[Instructions for the task]: With the images removed, write out every line below exactly.

:: Information provided

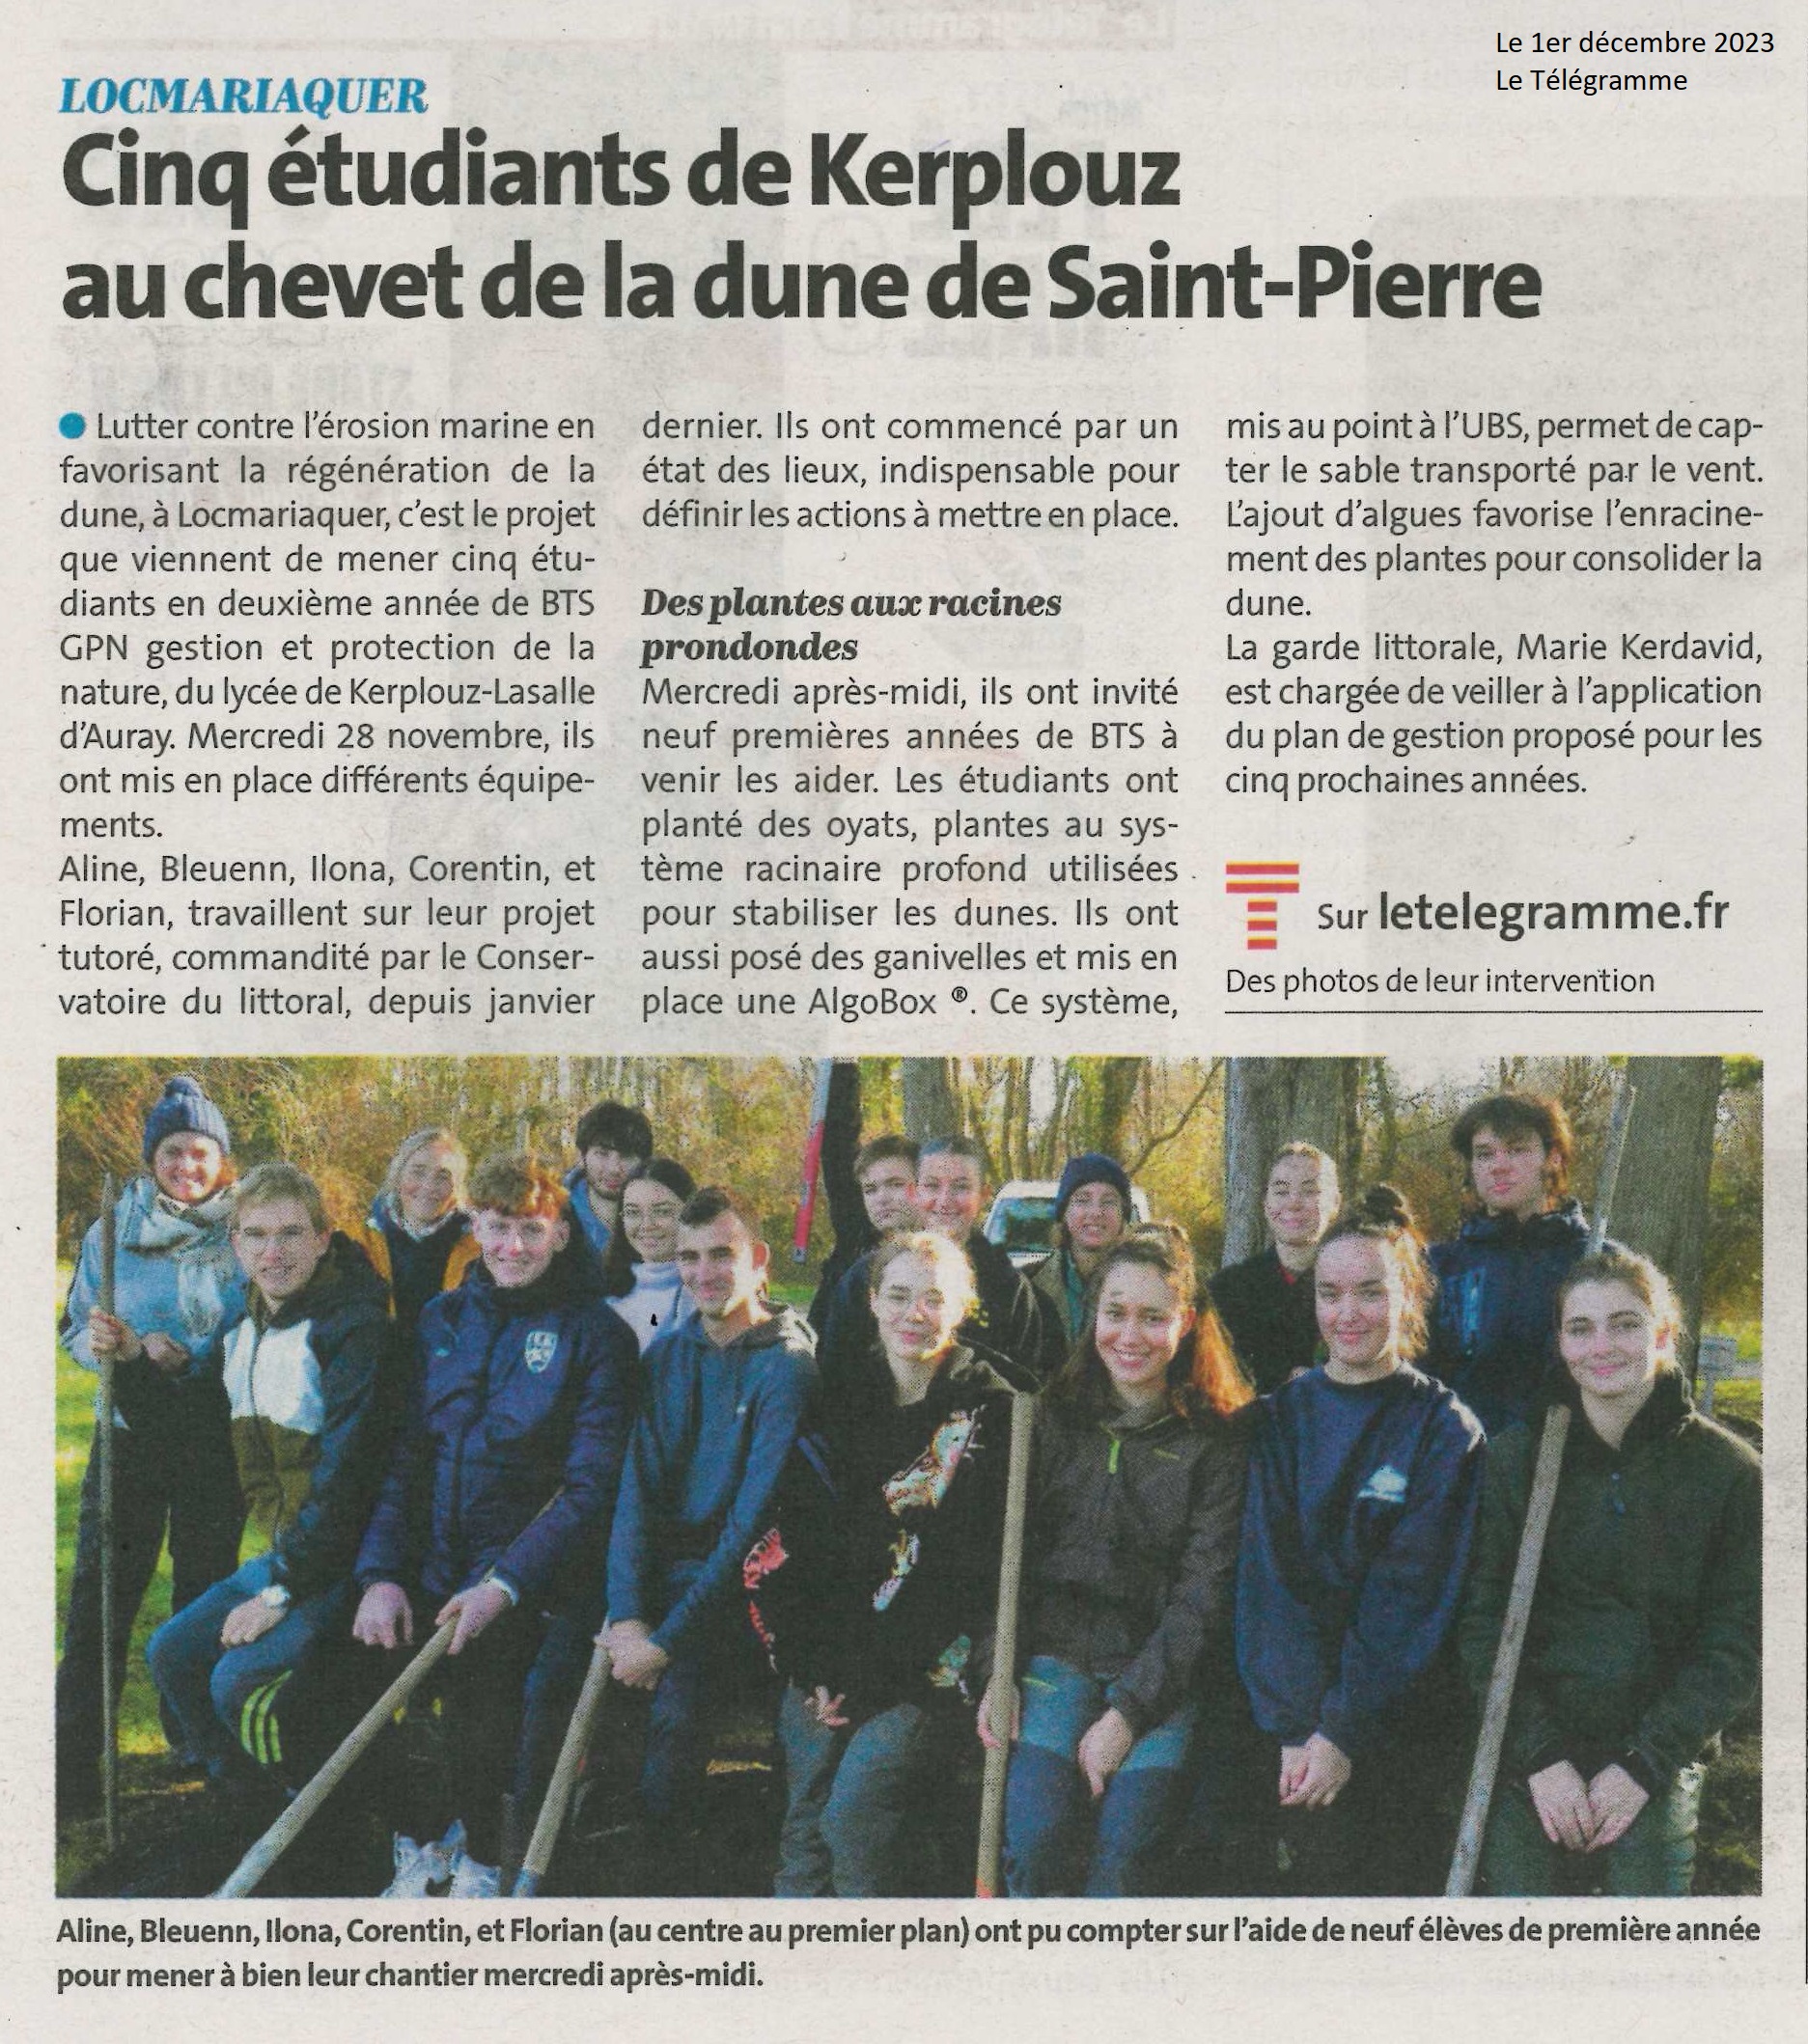 Cinq étudiants de Kerplouz au chevet de la dune de Saint-Pierre
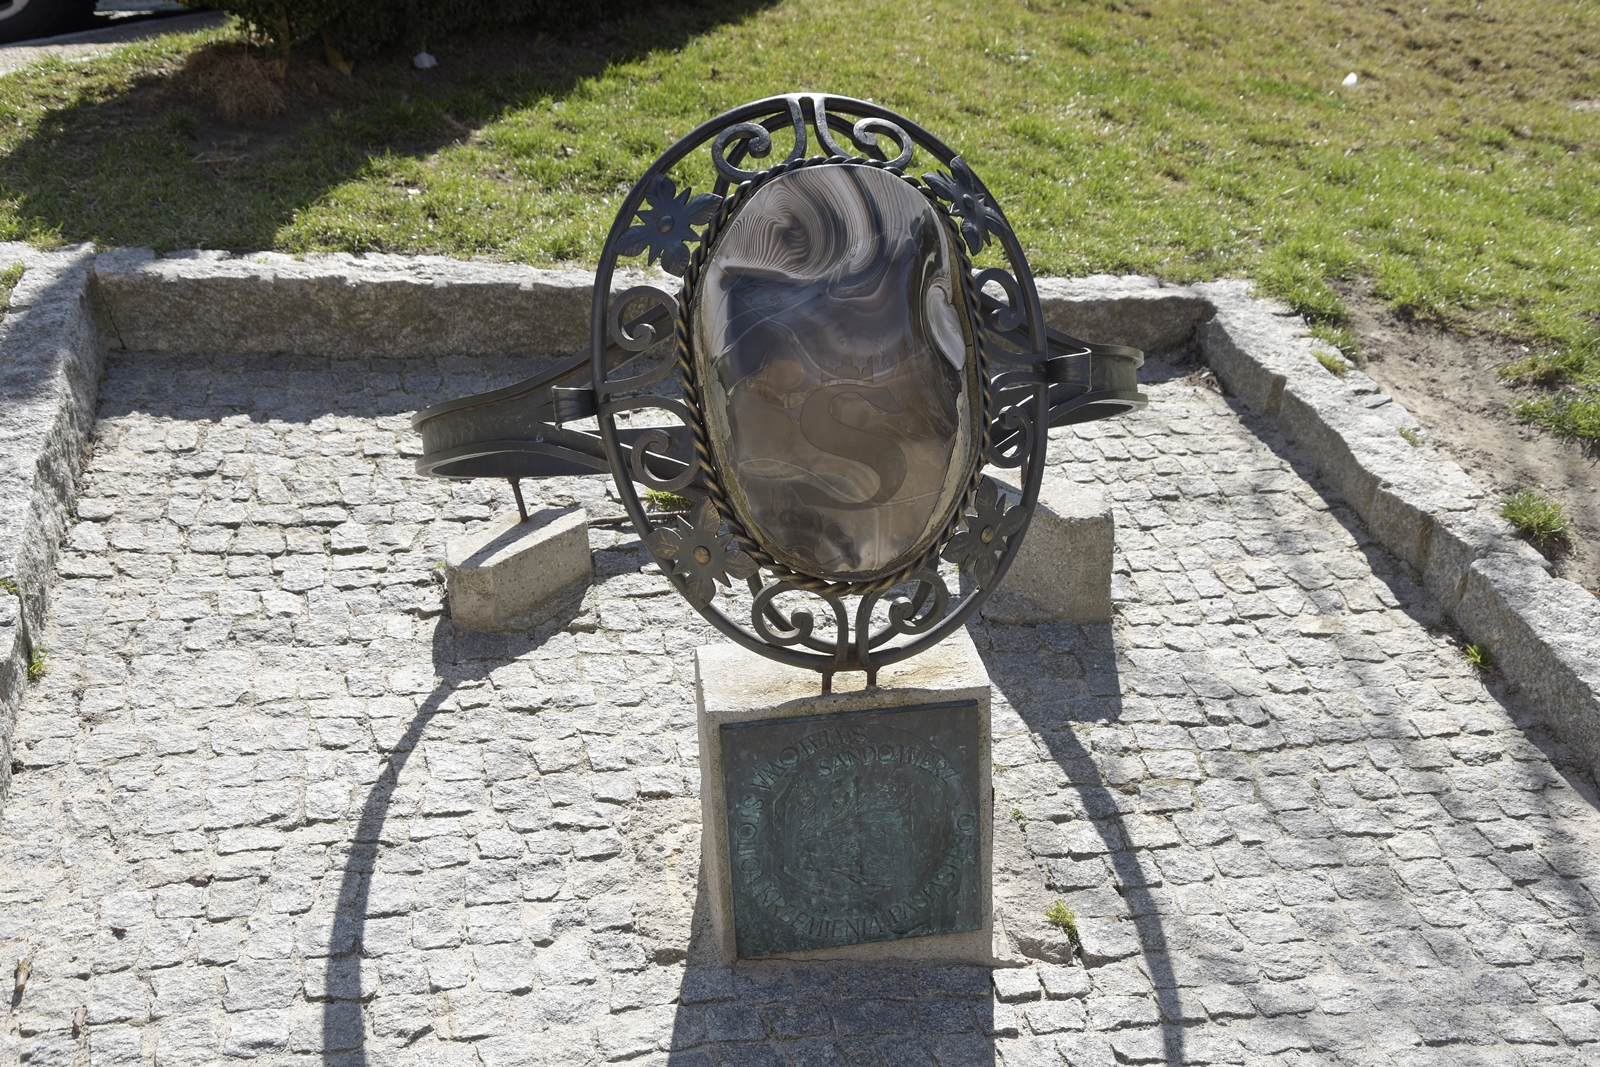 Ogromna instalacja pierścienia z krzemieniem pasiastym jako oczko - to jedna z atrakcji Sandomierza.
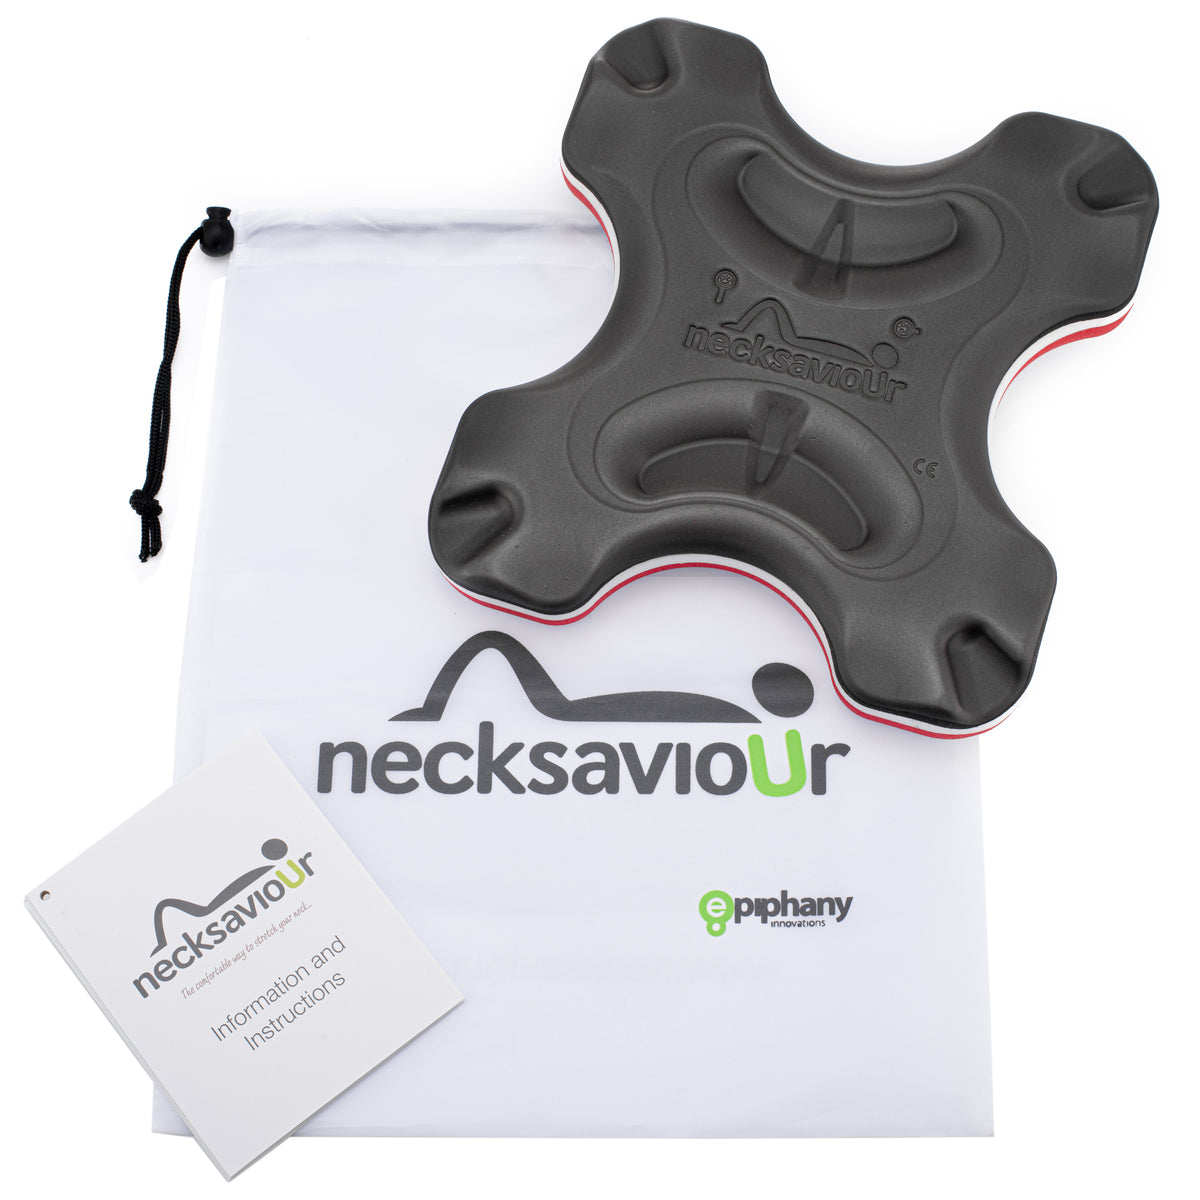 Necksaviour - Neck Ease Stretching Device – necksaviour

::::

[Exercise answer]:
 Cinq étudiants de Kerplouz au chevet de la dune de Saint-Pierre
 Ogromna instalacja pierścienia z krzemieniem pasiastym jako oczko - to jedna z atrakcji Sandomierza.
 Necksaviour - Neck Ease Stretching Device – necksaviour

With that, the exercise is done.